Yazı biraz uzun, o yüzden ikiye böldüm. Bu hafta birincisi, haftaya ikincisi yayımlanacak. Yazı uzun ama okunduğunda takdir edilecek ki inceleme boyunca boş laf edilmedi. Uçuk kaçık ve dayanaksız değerlendirmeler yok. Mümkün mertebe her şüpheye ve iddiaya bakılmaya çalışıldı. Sonuç itibariyle bir çerçeve ortaya çıkarmaya çalıştım. Konuyla ilgili kararı okuyucu kendi vicdanında verecek ve bir fikre sahip olacak.
Muhtelif Müslümanlıkların yaygın kanaati, erkeklerin kadınlara egemen olduğudur. Çünkü erkeğin kadından üstün yaratıldığına inanıyorlar. Yani Müslüman kimliğin tasavvurundaki Tanrı, varoluşsal olarak erkeği kadından üstün görüyor. Yaratılmışlardaki kusursuzluğu Allah’ın mükemmel, muhteşem, kusursuz olmasına bağlayıp kusur görmeyi itikadı sakatlayan tökezleme saydığı halde. Demek ki kadına husumet, inançtaki bu büyük çelişki ve çarpıklığı farkedemeyecek denli göz karartıcı.

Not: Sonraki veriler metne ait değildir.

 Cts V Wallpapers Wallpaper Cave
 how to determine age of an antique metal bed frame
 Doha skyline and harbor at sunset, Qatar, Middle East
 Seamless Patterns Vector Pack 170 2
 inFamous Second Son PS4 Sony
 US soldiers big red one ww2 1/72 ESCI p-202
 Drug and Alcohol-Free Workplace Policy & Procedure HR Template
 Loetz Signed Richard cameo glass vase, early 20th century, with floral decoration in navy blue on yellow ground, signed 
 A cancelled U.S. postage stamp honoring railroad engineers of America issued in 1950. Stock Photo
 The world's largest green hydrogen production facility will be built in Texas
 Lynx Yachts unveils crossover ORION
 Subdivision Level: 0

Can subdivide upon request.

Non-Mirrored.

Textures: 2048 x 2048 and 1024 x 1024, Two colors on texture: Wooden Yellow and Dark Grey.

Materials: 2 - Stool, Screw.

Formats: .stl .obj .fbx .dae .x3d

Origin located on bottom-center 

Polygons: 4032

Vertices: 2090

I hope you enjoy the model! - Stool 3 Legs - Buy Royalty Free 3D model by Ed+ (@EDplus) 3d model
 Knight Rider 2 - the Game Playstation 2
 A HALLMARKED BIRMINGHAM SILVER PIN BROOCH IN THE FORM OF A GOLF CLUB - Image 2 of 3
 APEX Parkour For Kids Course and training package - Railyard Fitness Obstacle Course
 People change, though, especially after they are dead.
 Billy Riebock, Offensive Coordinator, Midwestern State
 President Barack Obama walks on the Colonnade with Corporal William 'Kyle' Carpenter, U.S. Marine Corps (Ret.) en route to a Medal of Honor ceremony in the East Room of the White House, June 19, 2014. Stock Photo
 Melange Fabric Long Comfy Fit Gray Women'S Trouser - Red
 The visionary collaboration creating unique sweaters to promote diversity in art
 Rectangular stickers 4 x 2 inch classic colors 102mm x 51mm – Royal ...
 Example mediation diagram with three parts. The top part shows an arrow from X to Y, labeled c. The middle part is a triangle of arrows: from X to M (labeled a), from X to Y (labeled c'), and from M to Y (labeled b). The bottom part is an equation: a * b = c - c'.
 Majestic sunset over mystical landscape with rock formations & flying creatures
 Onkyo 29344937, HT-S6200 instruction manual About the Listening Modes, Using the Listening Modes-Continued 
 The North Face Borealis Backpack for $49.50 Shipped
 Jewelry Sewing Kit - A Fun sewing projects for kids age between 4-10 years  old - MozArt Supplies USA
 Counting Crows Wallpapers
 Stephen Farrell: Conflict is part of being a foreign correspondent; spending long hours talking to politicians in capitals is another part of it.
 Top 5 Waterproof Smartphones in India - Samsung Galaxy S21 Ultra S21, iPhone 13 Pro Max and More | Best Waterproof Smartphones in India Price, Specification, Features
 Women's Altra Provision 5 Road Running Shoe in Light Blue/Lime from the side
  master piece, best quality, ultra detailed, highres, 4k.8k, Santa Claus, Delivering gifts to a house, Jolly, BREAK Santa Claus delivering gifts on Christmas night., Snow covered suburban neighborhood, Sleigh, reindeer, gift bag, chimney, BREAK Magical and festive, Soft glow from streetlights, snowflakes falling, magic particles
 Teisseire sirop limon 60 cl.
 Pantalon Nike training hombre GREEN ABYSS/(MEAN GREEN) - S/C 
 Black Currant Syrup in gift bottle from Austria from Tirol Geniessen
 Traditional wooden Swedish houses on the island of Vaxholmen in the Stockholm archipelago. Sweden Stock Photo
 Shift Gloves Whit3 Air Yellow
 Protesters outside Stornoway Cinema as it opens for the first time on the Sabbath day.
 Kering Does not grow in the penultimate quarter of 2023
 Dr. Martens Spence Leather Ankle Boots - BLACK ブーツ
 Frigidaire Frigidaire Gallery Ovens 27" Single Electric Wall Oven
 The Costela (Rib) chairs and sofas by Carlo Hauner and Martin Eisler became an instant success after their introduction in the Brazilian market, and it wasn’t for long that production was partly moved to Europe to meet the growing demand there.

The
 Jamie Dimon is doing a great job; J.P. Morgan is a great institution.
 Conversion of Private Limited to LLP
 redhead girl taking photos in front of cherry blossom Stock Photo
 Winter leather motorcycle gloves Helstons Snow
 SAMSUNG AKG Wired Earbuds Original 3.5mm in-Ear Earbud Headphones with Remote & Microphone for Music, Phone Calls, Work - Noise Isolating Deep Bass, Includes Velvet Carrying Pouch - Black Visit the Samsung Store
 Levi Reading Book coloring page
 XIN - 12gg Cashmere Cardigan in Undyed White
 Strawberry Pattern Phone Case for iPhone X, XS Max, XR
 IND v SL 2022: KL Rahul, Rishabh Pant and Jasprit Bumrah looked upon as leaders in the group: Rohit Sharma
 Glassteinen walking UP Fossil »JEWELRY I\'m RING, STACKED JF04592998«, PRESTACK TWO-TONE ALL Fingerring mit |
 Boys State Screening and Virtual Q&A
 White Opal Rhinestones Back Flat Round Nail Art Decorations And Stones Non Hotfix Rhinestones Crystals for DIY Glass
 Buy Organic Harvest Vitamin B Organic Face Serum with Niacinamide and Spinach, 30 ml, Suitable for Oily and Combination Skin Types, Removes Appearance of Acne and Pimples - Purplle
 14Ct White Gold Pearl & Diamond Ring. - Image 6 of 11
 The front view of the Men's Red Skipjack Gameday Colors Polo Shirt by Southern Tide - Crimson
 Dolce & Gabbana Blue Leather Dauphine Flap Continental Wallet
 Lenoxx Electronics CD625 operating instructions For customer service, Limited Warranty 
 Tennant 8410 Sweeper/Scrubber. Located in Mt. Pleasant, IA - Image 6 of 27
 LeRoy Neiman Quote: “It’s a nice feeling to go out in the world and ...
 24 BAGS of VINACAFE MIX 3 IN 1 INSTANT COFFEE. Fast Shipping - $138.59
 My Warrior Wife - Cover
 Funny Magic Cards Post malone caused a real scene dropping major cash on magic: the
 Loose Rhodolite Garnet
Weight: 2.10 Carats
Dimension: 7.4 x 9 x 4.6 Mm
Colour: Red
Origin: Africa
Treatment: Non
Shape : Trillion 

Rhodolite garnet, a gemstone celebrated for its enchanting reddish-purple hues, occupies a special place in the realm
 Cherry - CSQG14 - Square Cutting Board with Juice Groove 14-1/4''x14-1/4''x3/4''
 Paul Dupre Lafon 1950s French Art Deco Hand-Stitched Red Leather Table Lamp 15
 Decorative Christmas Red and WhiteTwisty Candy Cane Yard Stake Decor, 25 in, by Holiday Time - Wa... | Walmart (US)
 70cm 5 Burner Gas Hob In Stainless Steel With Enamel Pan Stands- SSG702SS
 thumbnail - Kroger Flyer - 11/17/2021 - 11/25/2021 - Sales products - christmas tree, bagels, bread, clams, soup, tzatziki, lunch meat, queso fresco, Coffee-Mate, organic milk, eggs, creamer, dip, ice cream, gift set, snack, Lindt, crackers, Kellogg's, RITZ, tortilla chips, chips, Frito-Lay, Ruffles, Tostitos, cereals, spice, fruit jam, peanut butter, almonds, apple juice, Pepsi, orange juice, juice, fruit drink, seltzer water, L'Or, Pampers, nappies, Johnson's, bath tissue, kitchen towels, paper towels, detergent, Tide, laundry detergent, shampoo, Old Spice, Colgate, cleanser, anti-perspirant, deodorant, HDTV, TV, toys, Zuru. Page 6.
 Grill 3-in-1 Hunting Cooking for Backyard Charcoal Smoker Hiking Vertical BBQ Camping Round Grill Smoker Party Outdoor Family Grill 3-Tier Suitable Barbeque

Üstünlük doktrini habis bir zincirleme. İnsanı doğadaki diğer canlı türlerinden, Müslümanı diğer inanç mensuplarından, Sünniliği diğer mezheplerden, Türkü öteki etnik gruplardan vs. Batılı toplumlarda olduğuna ve burada görülmediğine şükredilip iftihar edilen beyaz tenlinin siyaha üstünlüğü inancından mülhem vintage itikat. Oysa kendi toplumunda siyah tenli yerine koyduğu o kadar çok ırk ve tür var ki. İşte o hâkimiyet faraziyesinin aile içi formu, kadına üstünlük vehmi.
Bu tuhaf, muharref, bâtıl inançta kadın aleyhindeki ayrımcılık dinin temel ilkesi. Bu durumda en cahil, vasıfsız, niteliksiz erkek bile en bilgili, vasıflı, nitelikli kadından üstün oluyor, onun üzerinde hakimiyeti var ve ona kayyım atandı. Erkeğin kadına üstünlüğünün veya egemen olmasının cinsiyetle ilgili olmadığını, evlilik içinde kocanın karısına karşı statüsünü tarif ettiğini söyleyerek vehameti hafifletmeye çalışan denemeler tabii ki var. Öyle bile olsa, yani kocanın karısına üstünlüğü evlilik bağıyla oluşmuş bir hukuk olsa dahi bu varsayımın felsefi temeli, yaratılışta erkeğin kadından üstün görülmesi değil mi?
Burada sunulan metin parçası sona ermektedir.